Article

Students Break Out of Fixed-Race Box

My journalism students were brainstorming topics for their final story projects. I urged them to come up with compelling ideas that relate to their experiences but that push deeply into national trends. “Stop letting all the midlife writers (like myself) tell your stories,” I pushed. “Tell your own.”

My journalism students were brainstorming topics for their final story projects. I urged them to come up with compelling ideas that relate to their experiences but that push deeply into national trends.

“Stop letting all the midlife writers (like myself) tell your stories,” I pushed. “Tell your own.”

As they went around the room, several pitches swirled around the same theme: the dramatic increase in multi-racial students and the issues of identity and self-definition they face.

The idea caught fire and sparked a fascinating class discussion. Turns out, they identified a trend that is transforming our classrooms—and should transform our teaching as well.

According to the recent New York Times story “Black? White? Asian? More Young Americans Choose All of the Above”: 

“The crop of students moving through college right now includes the largest group of mixed-race people ever to come of age in the United States, and they are only the vanguard: the country is in the midst of a demographic shift driven by immigration intermarriage.”

This growing trend has implications for every teacher in every classroom at every educational level. How do we teach, discuss and explore the new, murky issues raised by multi-racial relations when many of us still struggle with how to teach, discuss and explore the literally black-and-white issues raised by what we’ve historically identified as race relations?

There is a lot of talk now of our “postracial society” and a new brand of “color blindness” now that our president is identified as an African-American. Except, President Barack Obama comes from a multi-racial background.

As usual, my students are my teachers. Their intense desire to identify as individuals of mixed races—to talk about it, write about it and study it—clarified for me the most powerful way to teach it. We must be neither post- nor blind regarding issues of color, race, ethnicity, difference, otherness.

Rather than colorblindness, I believe in “color mindfulness.” We should honor, acknowledge and bring our full teaching attention to students’ issues of identity. Our students are leading the way. They aren’t colorblind. They talk to each other endlessly about their differences, their varying identities. They code-switch daily between the mixed cultures, socioeconomic classes and identities within their own worlds. Maybe one grandma is Italian, and another is Puerto Rican. The food is different. The hues are different. And the children moving in and out of those households know those differences well. They describe them, laugh about them, boast about them.

They are mindful of them. So why must we be blind to them?

According to The New York Times, we can’t afford to be.

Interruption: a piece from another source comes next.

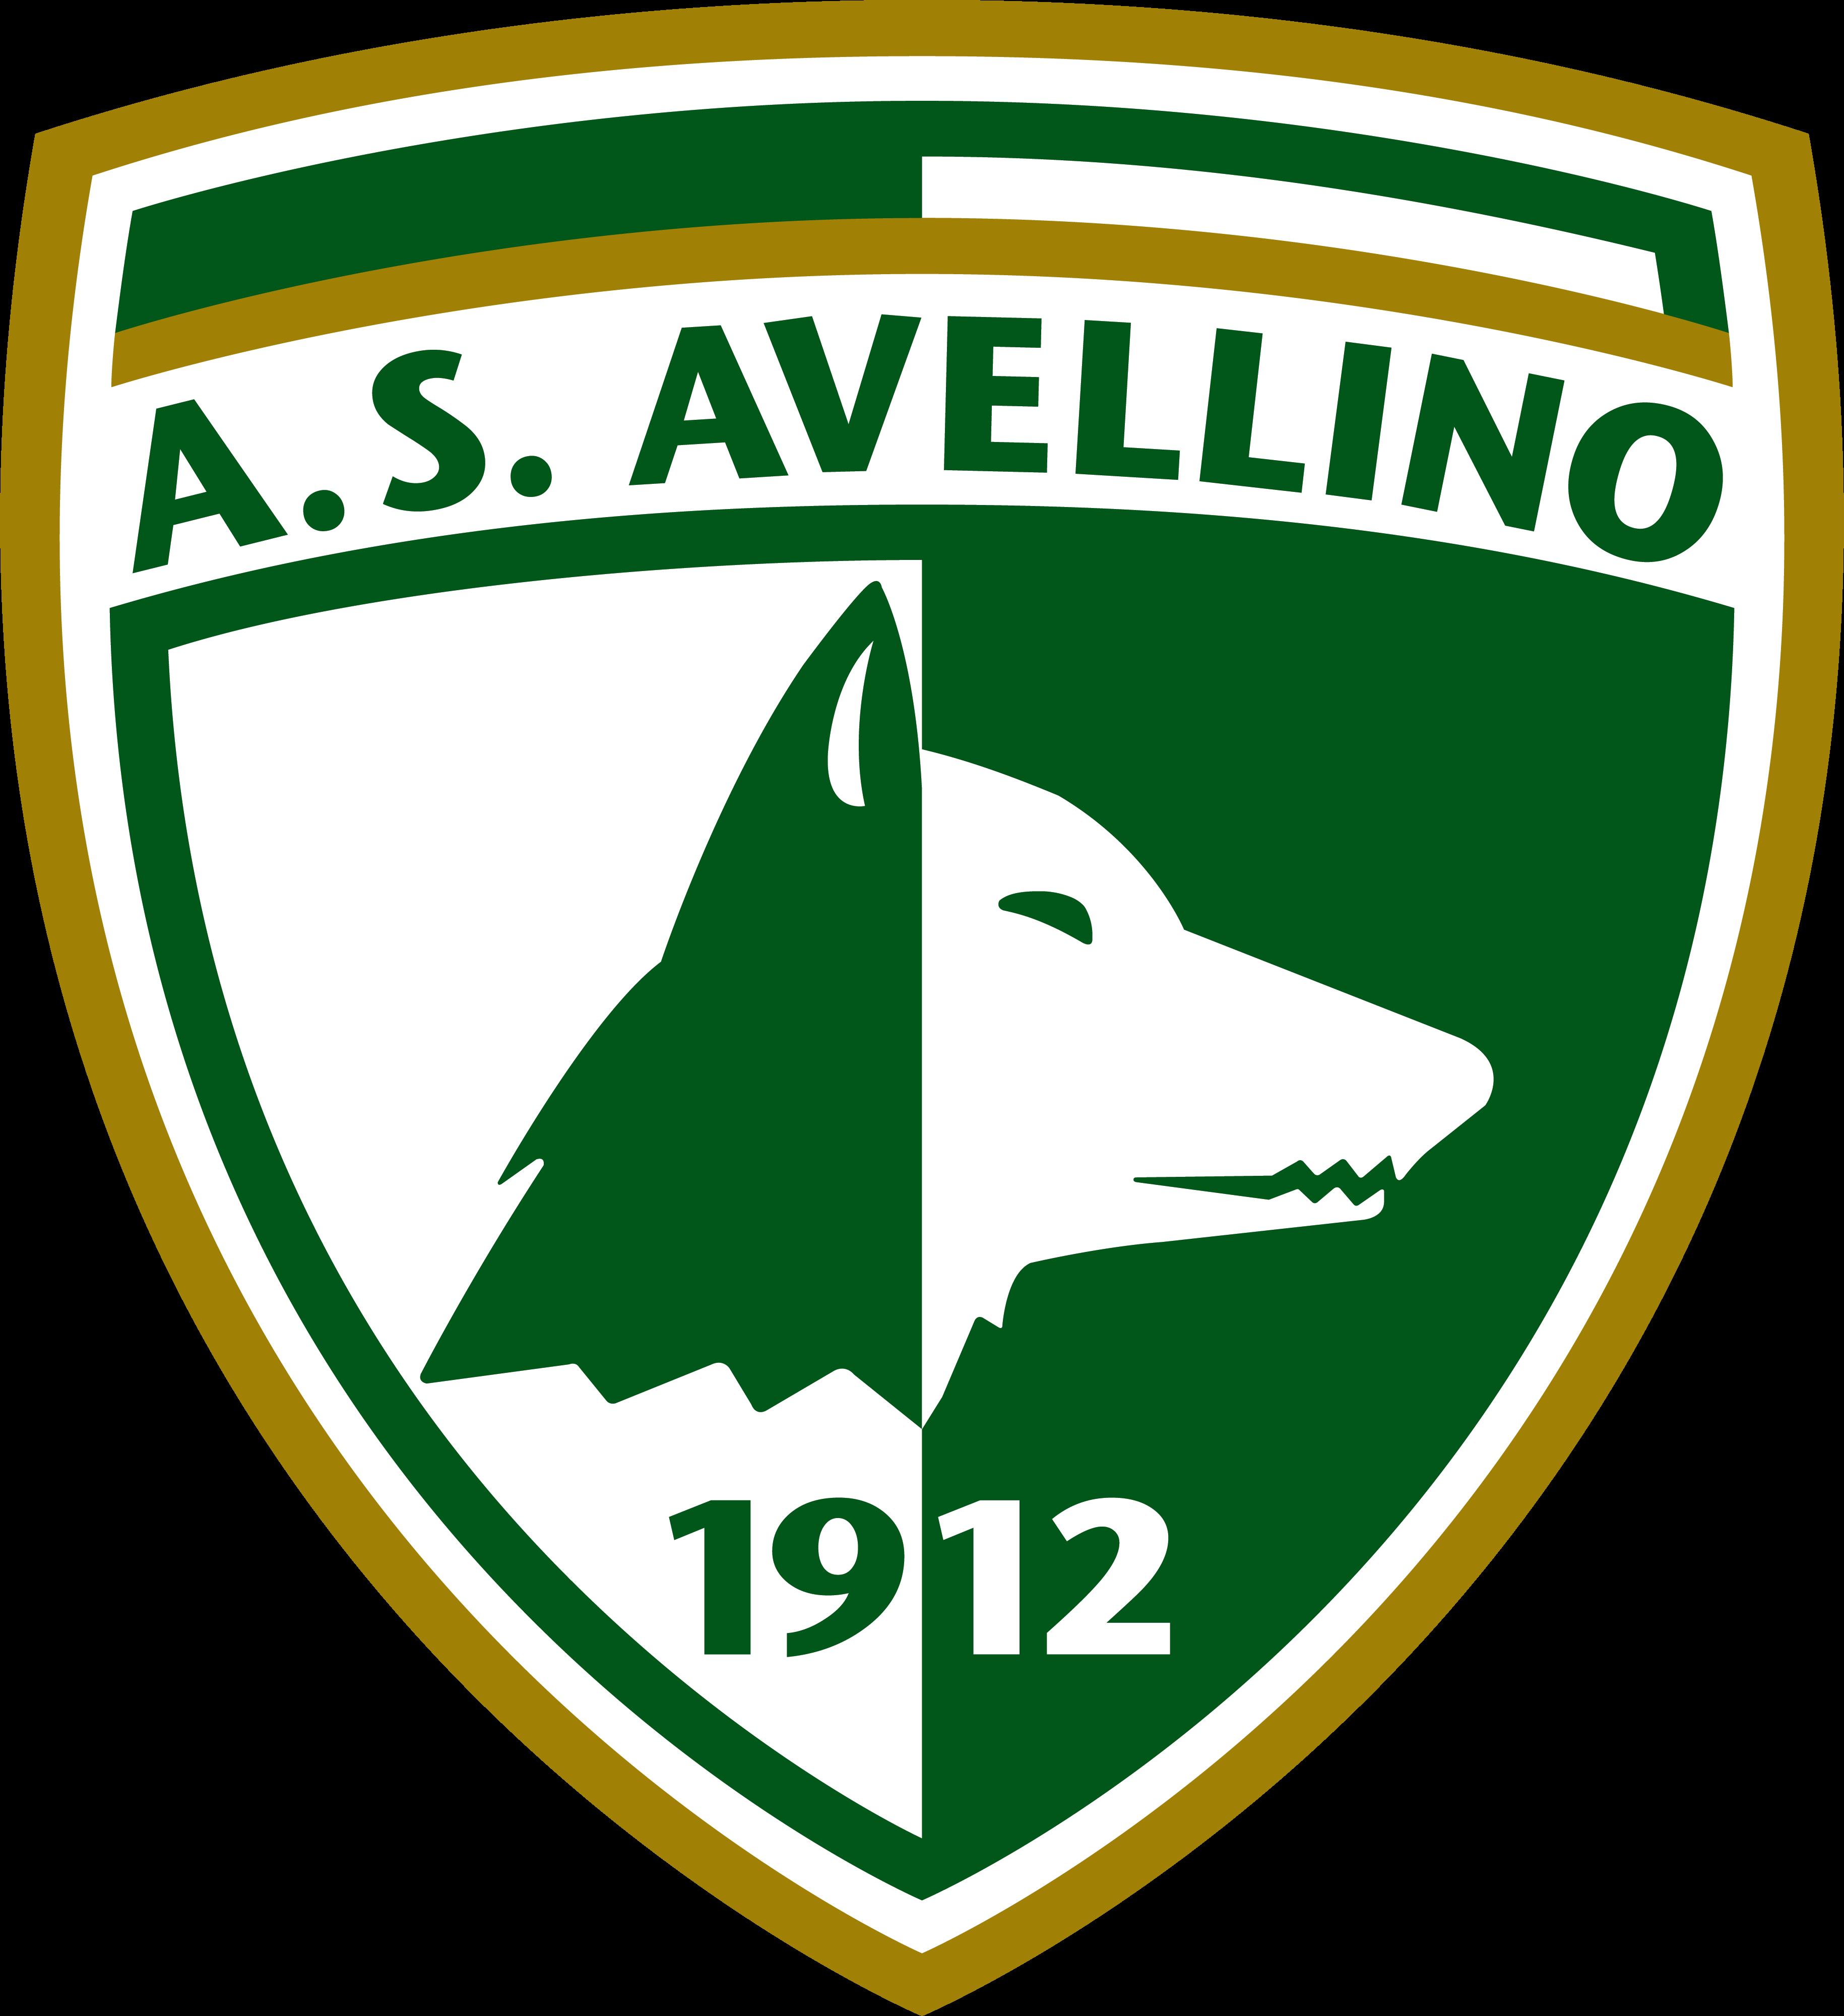 File:Asavellino1912stemma.png

One in seven new marriages is between spouses of different races or ethnicities, according to data analyzed by the Pew Research Center from 2008 and 2009. Multiracial and multiethnic Americans (usually grouped together as “mixed race”) are one of the country’s fastest-growing demographic groups. And experts expect the racial results of the 2010 census, which will start coming out next month, to show the trend continuing or accelerating.

Many young adults of mixed backgrounds are rejecting the color lines that have defined Americans for generations in favor of a much more fluid sense of identity.

I believe this “more fluid sense of identity” offers a brave new world of teachable moments. We should own it, get ahead of it and show our students we see, and honor, the whole of them. 

Cytrynbaum is a journalist and instructor at Northwestern University.